In the afternoon they slept, the first pupil not being due until four. Frances had made up her mind: she would not reply to Walter's letter. Why hurry? Why even bother. She parted the drapes and peered outside. When her eyes adjusted to the glare she could make out a smoulder of red tiles in the far distant eastern suburbs. In between, the harbour flowed nowhere, a broad stilled cauldron of heated glass. Then a ship hove into view, a passenger liner with the clear outlines of an
Orient Line boat on a painted postcard. It seemed the only real object in the world. Frances perched on the windowsill oblivious to the heat. The ship made her feel remote, tiny, stranded at the most distant corner of the globe. She imagined a dotted line leading down the harbour, through the Heads, around the underside of Australia and across the Indian Ocean — gesturing towards Ceylon and India as it progressed — spilling in its wake successive, endless
O's
of possibility:
Orvieto, Orsova, Otway, Orantes, Osterley, Otranto, Orana, Omrah, Ormonde
— then heading up through the Red Sea and Suez Canal where other lines jostled but failed to deter it, across the Mediterranean, past Gibraltar, until England loomed like a storybook illustration of a land in the sky, pastel-coloured and cool.

Over there, things
happened
. Would her parents let her go? With its smart lines and swept-back confident funnels, with its tiny figures of sailors stowing ropes or merely draped on the shaded port railings, the ship unbearably provoked her restlessness. She let the curtains flop and turned back the cover of the bed, and lay in her underclothes on the cool sheet. After a minute she took even these off.

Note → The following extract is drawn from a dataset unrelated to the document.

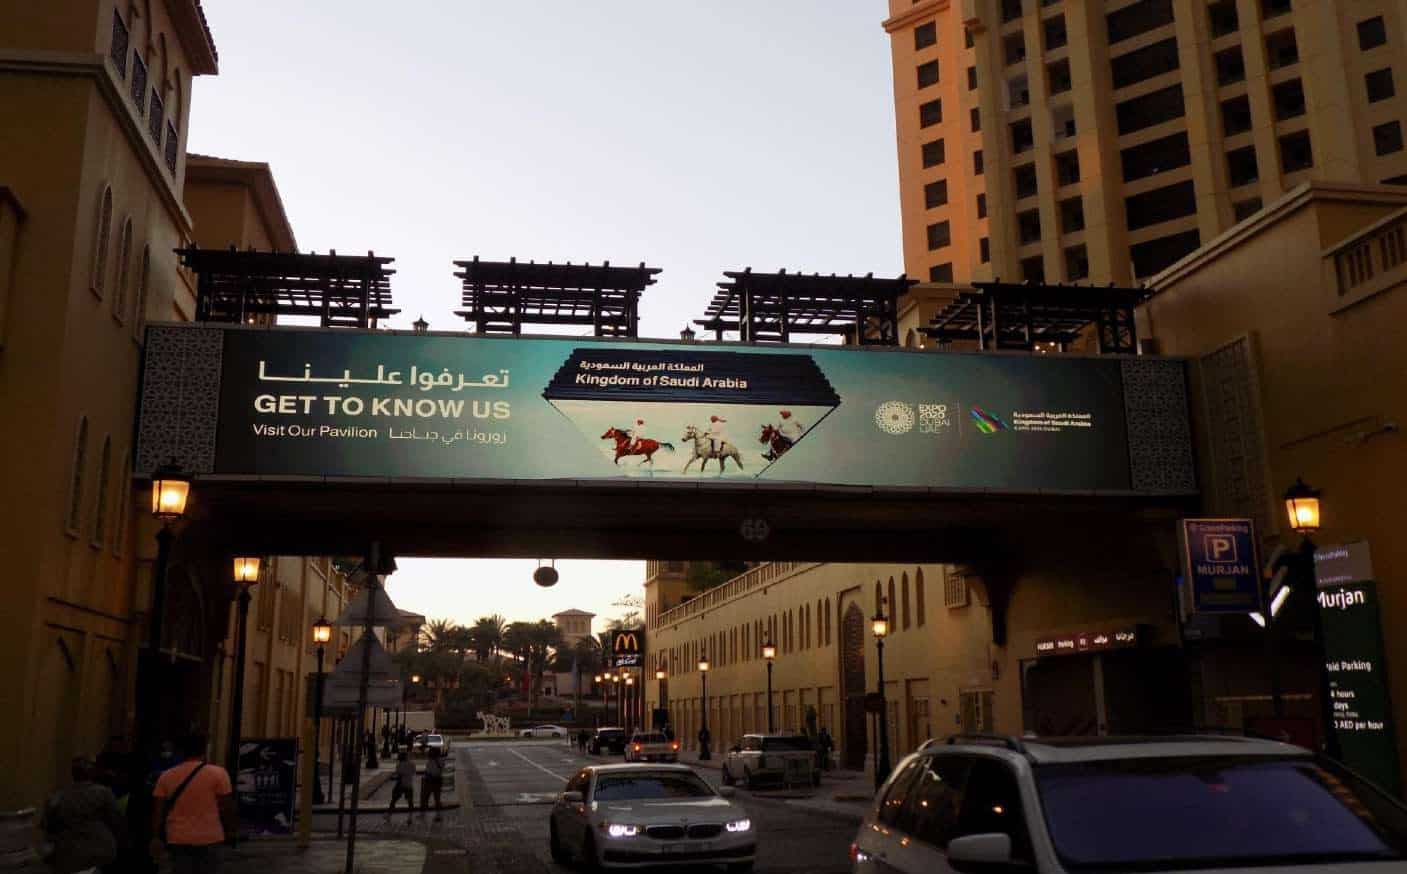 Jumeirah Beach Residence Bridge Advertising

Certainly it would be glorious to have a tragic blow struck by an enraged and madly obstructive parent — many artists sprang from such fires — but
her
parents? They loved her with too much kindness. Or perhaps they failed to love her enough, and finally would let her loose in a world where she'd struggle, cry for help, and disappear, and they wouldn't care.

She woke when Helen arrived with a cup of tea, and propped herself on an elbow. From below came the rattle of a duster playing scales and the drum of cushions as her mother tidied the music room. From
outside came the heat-oppressed scrape of sparrows. She sweated with the tea and felt cooler, stretching an arm and shaking globes of perspiration onto the sheet. She supposed Walter's letter was intense enough. Her own brand of intensity seemed out of place in Australia, which loosened one's grip on things, never allowing one to — she grabbed the letter and sank back on the bed to read it again — to fly?

 

She had put it to Diana, mentioning his reserve, his consideration, his manners. And under these things, had she actually spoken this out loud? — he's very intense. He thinks. He's got his own life going on somewhere underneath. And then he looks at you.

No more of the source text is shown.